According to the cutting method of the first aspect of the present invention,
The cutting surface roughness is the same between the forward movement and the backward movement. As a result, cutting can be performed in the forward movement and the backward movement, and a processed surface having a uniform roughness can be obtained. Further, since machining can be performed in both the forward movement and the backward movement, the machining cycle is simplified, and the amount of data for machining can be reduced by 50%. According to the cutting method of the present invention of claim 1, since the cutting at both the forward and backward movement, the time required for cutting a workpiece surface in the same area, at only one of the conventional reciprocating It is about 1/2 compared to the case where processing is performed.

[Brief description of the drawings]

FIG. 1 is a front view of a rotary cutting tool according to an embodiment of the present invention.

FIG. 2 is a view of the tool in FIG.

FIG. 3 is a bottom view of the tool of FIG. 1;

FIG. 4 is a movement locus diagram of a rotary cutting tool in a cutting method according to an embodiment of the present invention.

FIG. 5 is a schematic diagram showing a relationship between various dimensions when a vertical wall surface and a bottom surface are processed with a round tip.

FIG. 6 is a schematic view showing that when an axial rake angle is formed on a chip, the axial rake angle is reversed between forward movement and backward movement.

[Explanation of symbols]

 DESCRIPTION OF SYMBOLS 1 Tool main body 2 Tip 3 Screw 4a Upright wall surface (after processing) 4b Upright wall surface (before processing)

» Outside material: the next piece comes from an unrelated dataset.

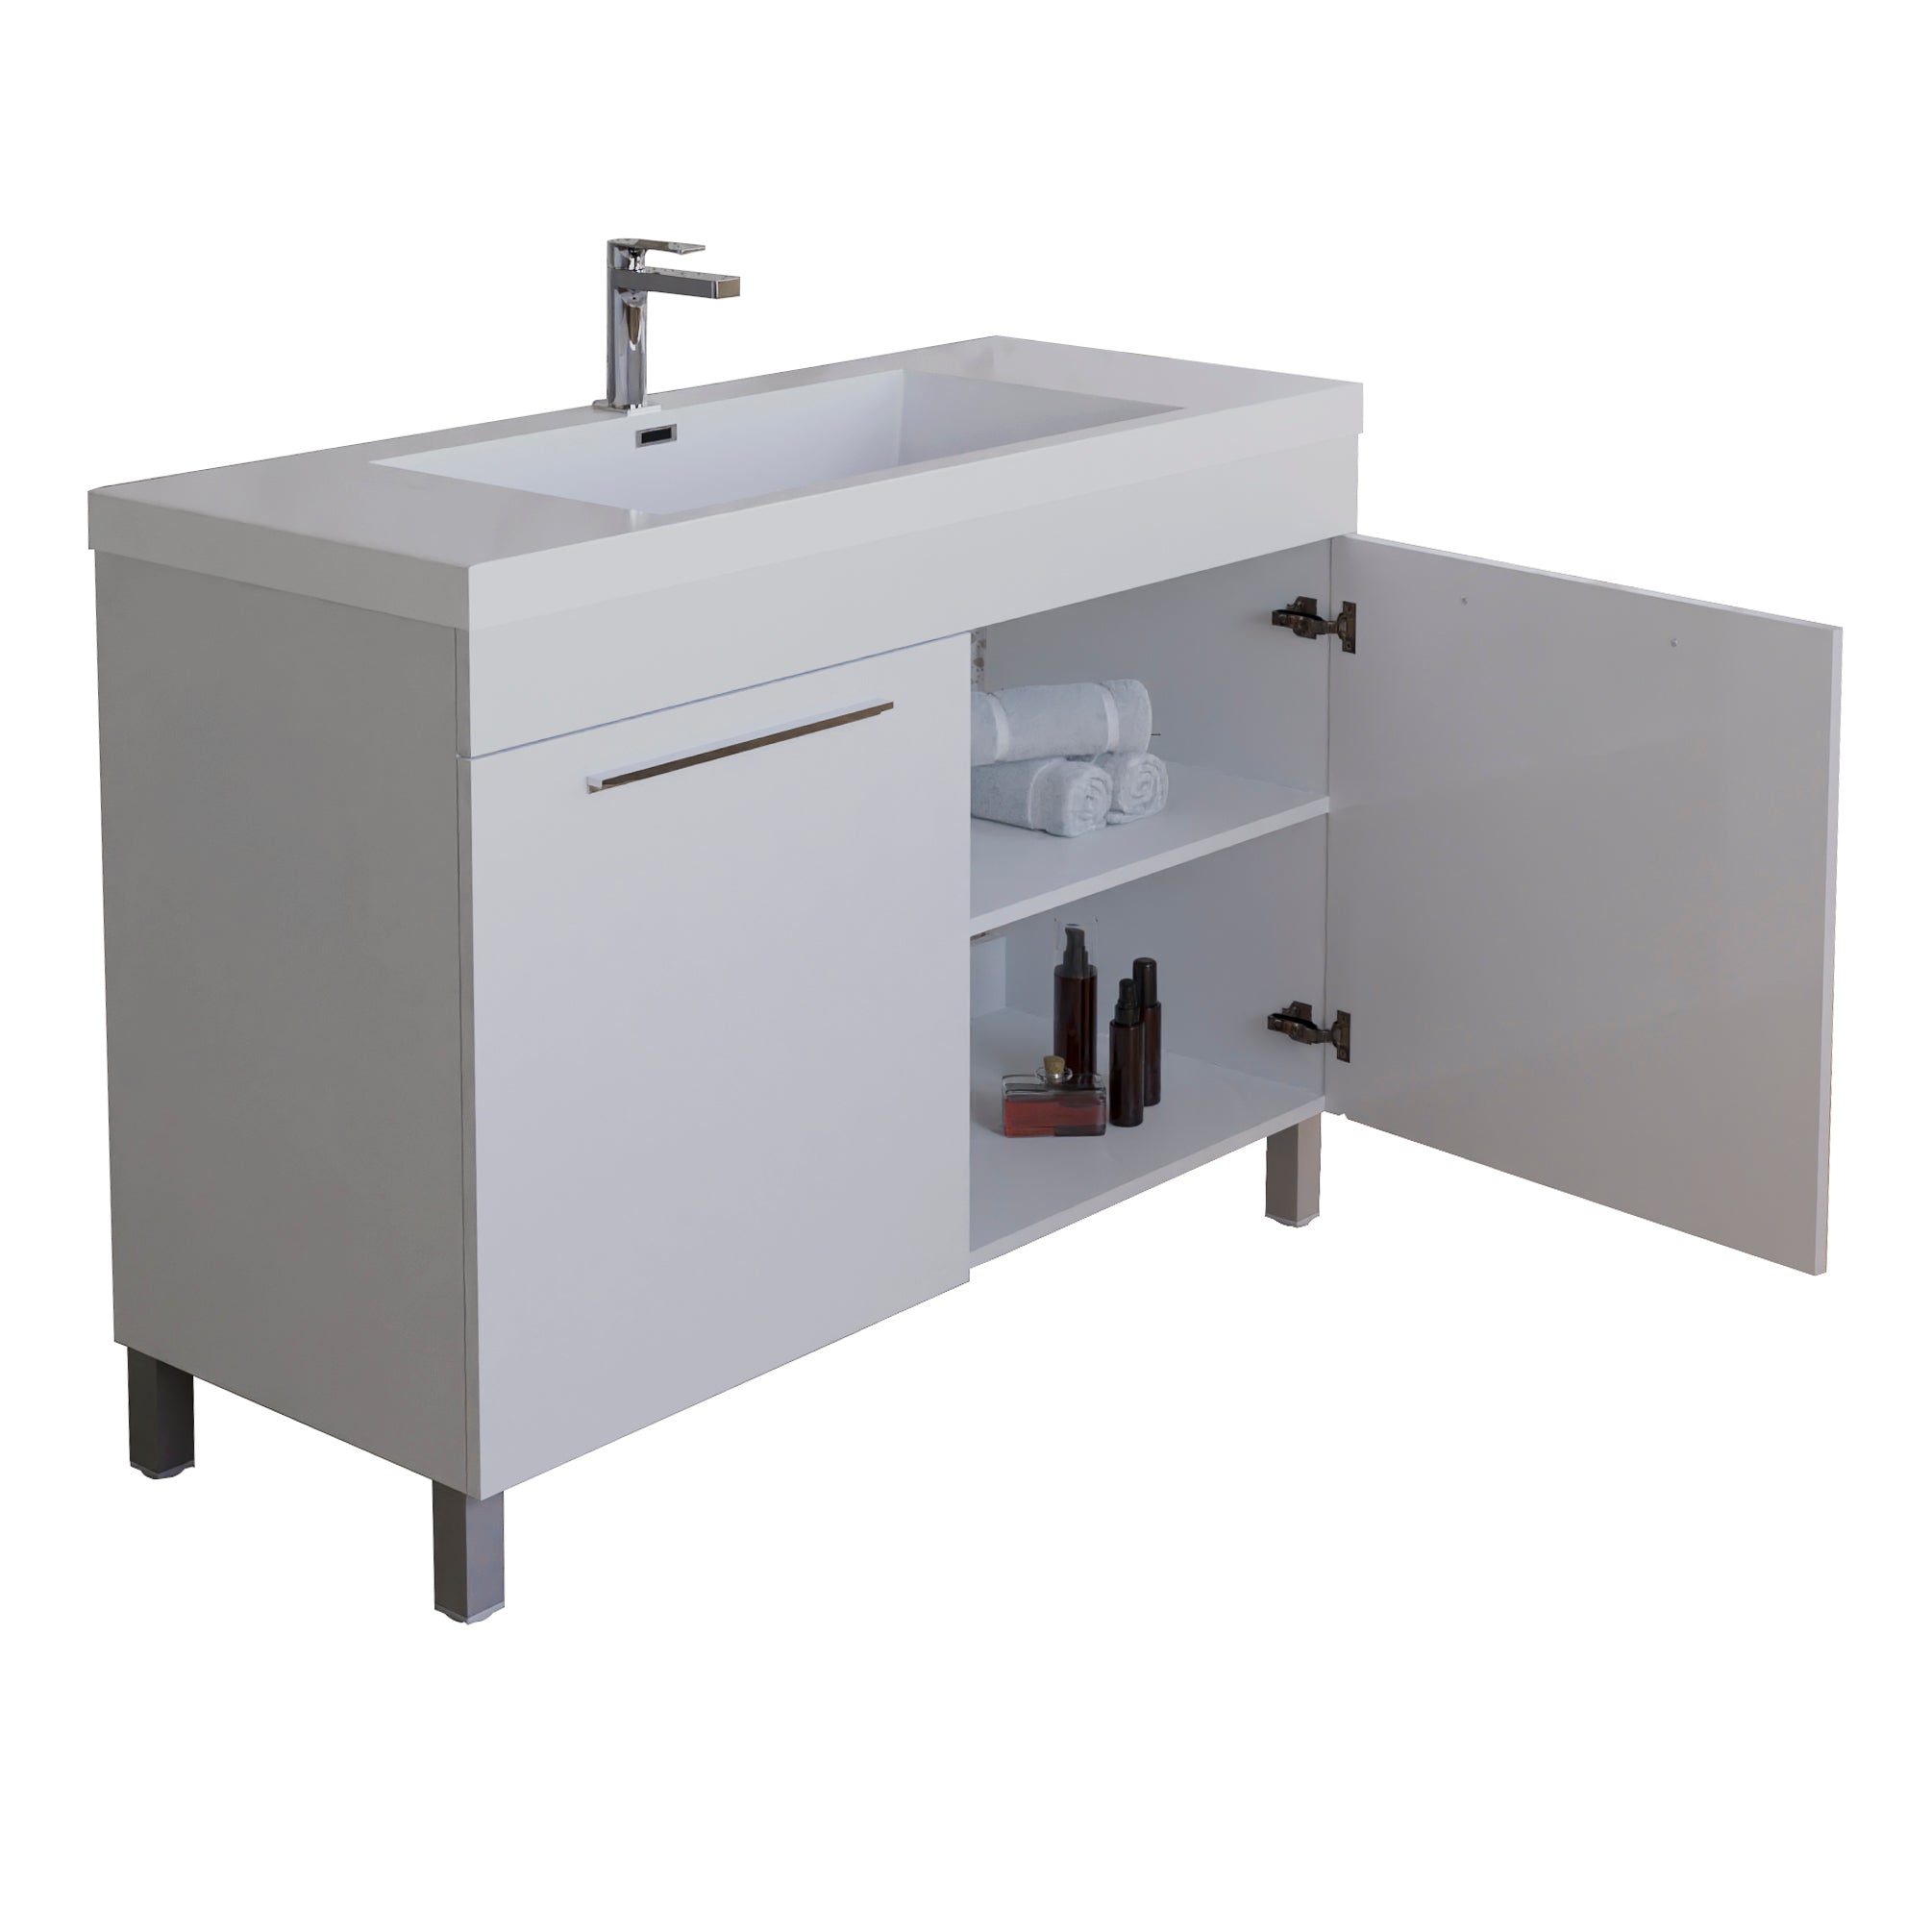 Ocean 39.5 White High Gloss Cabinet, Square Cultured Marble Sink, Free Standing Vanity Set

──────────────────────────────────────────────────続 き Continued on front page (58) Field surveyed (Int. Cl. ⁷ , DB name) B23C 3/00 B23C 5/10

Claims (1)

(57) [Claims] 1. A rotating cutting tool in which a chip is attached at an axial rake angle of 0 ° to a rotating tool body whose tool axis direction is parallel to a machining plane while rotating the tool axis.
The line direction and parallel to to forward the machining plane and cutting the workpiece, and machining the tool axis line direction perpendicular to the direction in the forward movement end
Feed parallel to the plane and rotate in the tool axis direction while rotating
The cutting cycle consisting of the steps of cutting the workpiece by moving back in parallel to the processing plane, sending the rotary cutting tool in the direction perpendicular to the tool axis direction and parallel to the processing plane during the cutting cycle, A cutting method characterized by repeating a cutting cycle a plurality of times.